Yes, the world will constrain us in various ways (financial, spiritual, ability, access, etc.) but within those constraints, we can choose how to spend our time, how to frame our expectations and what kind of life — however long or short — we get to lead. In my recent health, I have been left grappling with many decisions about what treatment path to follow, which doctor to trust and which route will best enable me to live my values and priorities in a meaningful way.
I find this process both empowering and stifling in the way it makes me feel the breath catch in my throat, as my mouth goes dry and I fail to find any word to articulate the life I want or the treatment that feels right. I lose myself in clinical terms and forge ahead asking the same questions over and over again, hoping one phrasing of the answer will strike me differently. I struggle to imagine side effects and possibilities and think in the future tense. My body stays firmly planted in the now, in today, in this moment, losing all sense of my future self.

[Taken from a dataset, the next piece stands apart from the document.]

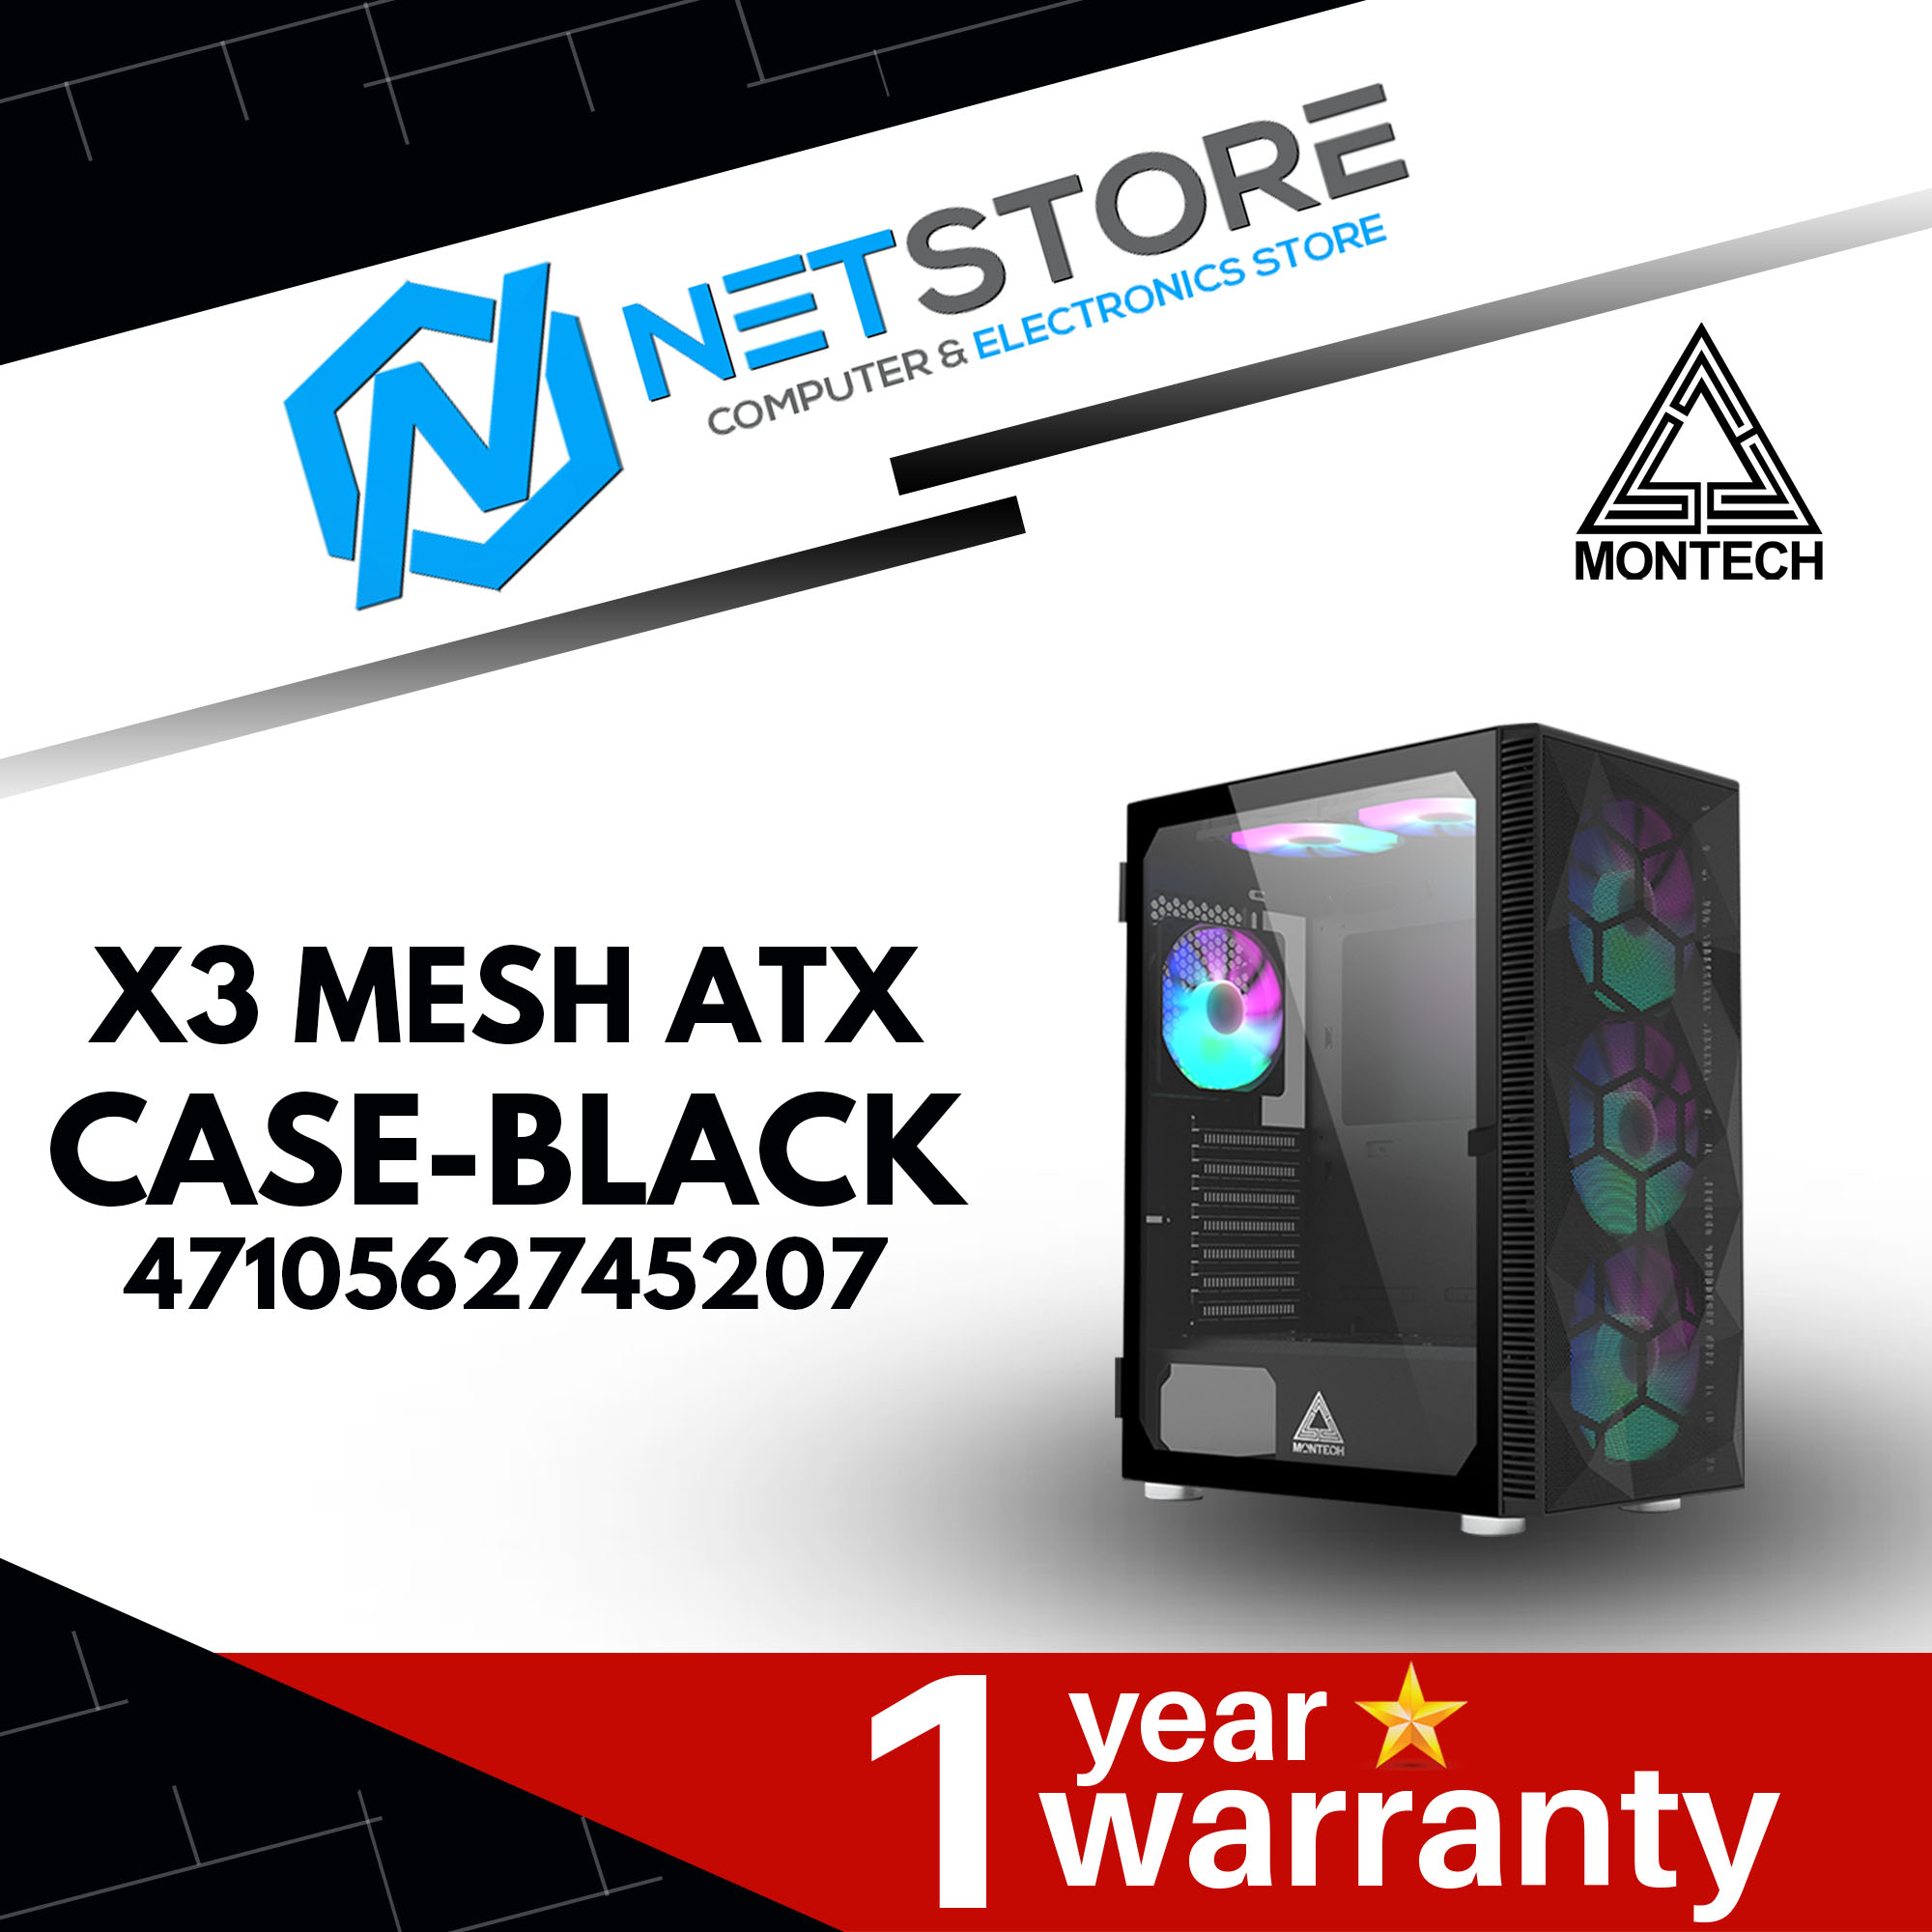 MONTECH X3 MESH ATX CASE - BLACK - 4710562745207

Kalanithi notes that “one of the early meanings of patient, after all, is ‘one who endures hardship without complaint.’” I often find myself smiling back at puzzled doctors, consoling them in their sense of failure that they haven’t yet found a suitable answer to my problem. They seem sad that they cannot provide me with certainty, so I offer them whatever hope I can muster. That said, I have lost the unrealistic optimism that causes patients to reframe themselves as warriors, fighting their disease to the death. Instead, I see my tumor as a part of me, and its consequences as part of the many consequences of living ... of existing.
While to some that may seem like resignation, to me, it is hope. It is a framework that enables me to work fervently and tirelessly towards the things I love, with whatever time I have left. It is a framing of mind that tells me not to wait to live for some perfectly healthy life. It is an articulation of me choosing the things I value in this life. I value living. I value my life, even when it is shrouded in a pain and loneliness that no one in my beautiful circle of support can fully apprehend.In "When Breath Becomes Air," you see a man grappling with the changing promise of his future, the unrealized potential of his mind and body, and then you read acceptance. Though it is shrouded in sorrow, you feel him accept the life he has had and the imminent death he must face.
He writes, “The fact of death is unsettling. Yet there is no other way to live.”
Robbed of his future, he doesn’t not squander his present, his words haunting my every day: “until I die, I am still living.”
The world around me didn’t stop to mourn the various abilities and energy I lost with each surgery. The world didn’t stop until I figured out how to cope with pain and the uncertainty of future surgeries. The world will not stop as I try to determine what I value each day and how I want to balance living with various complications from a brain tumor.
In that sense, illness can be such a solitary endeavor. There is no one who can do the work it will take for me to cover the complicated, rocky terrain of my life. Though I know my life is temporary, and my time with people I love is momentary in the universe, while I live — regardless of how untidy and unruly my broken and sick body may be on a given day — I will live. I will be an active participant in my own life and I will go on turning with the world.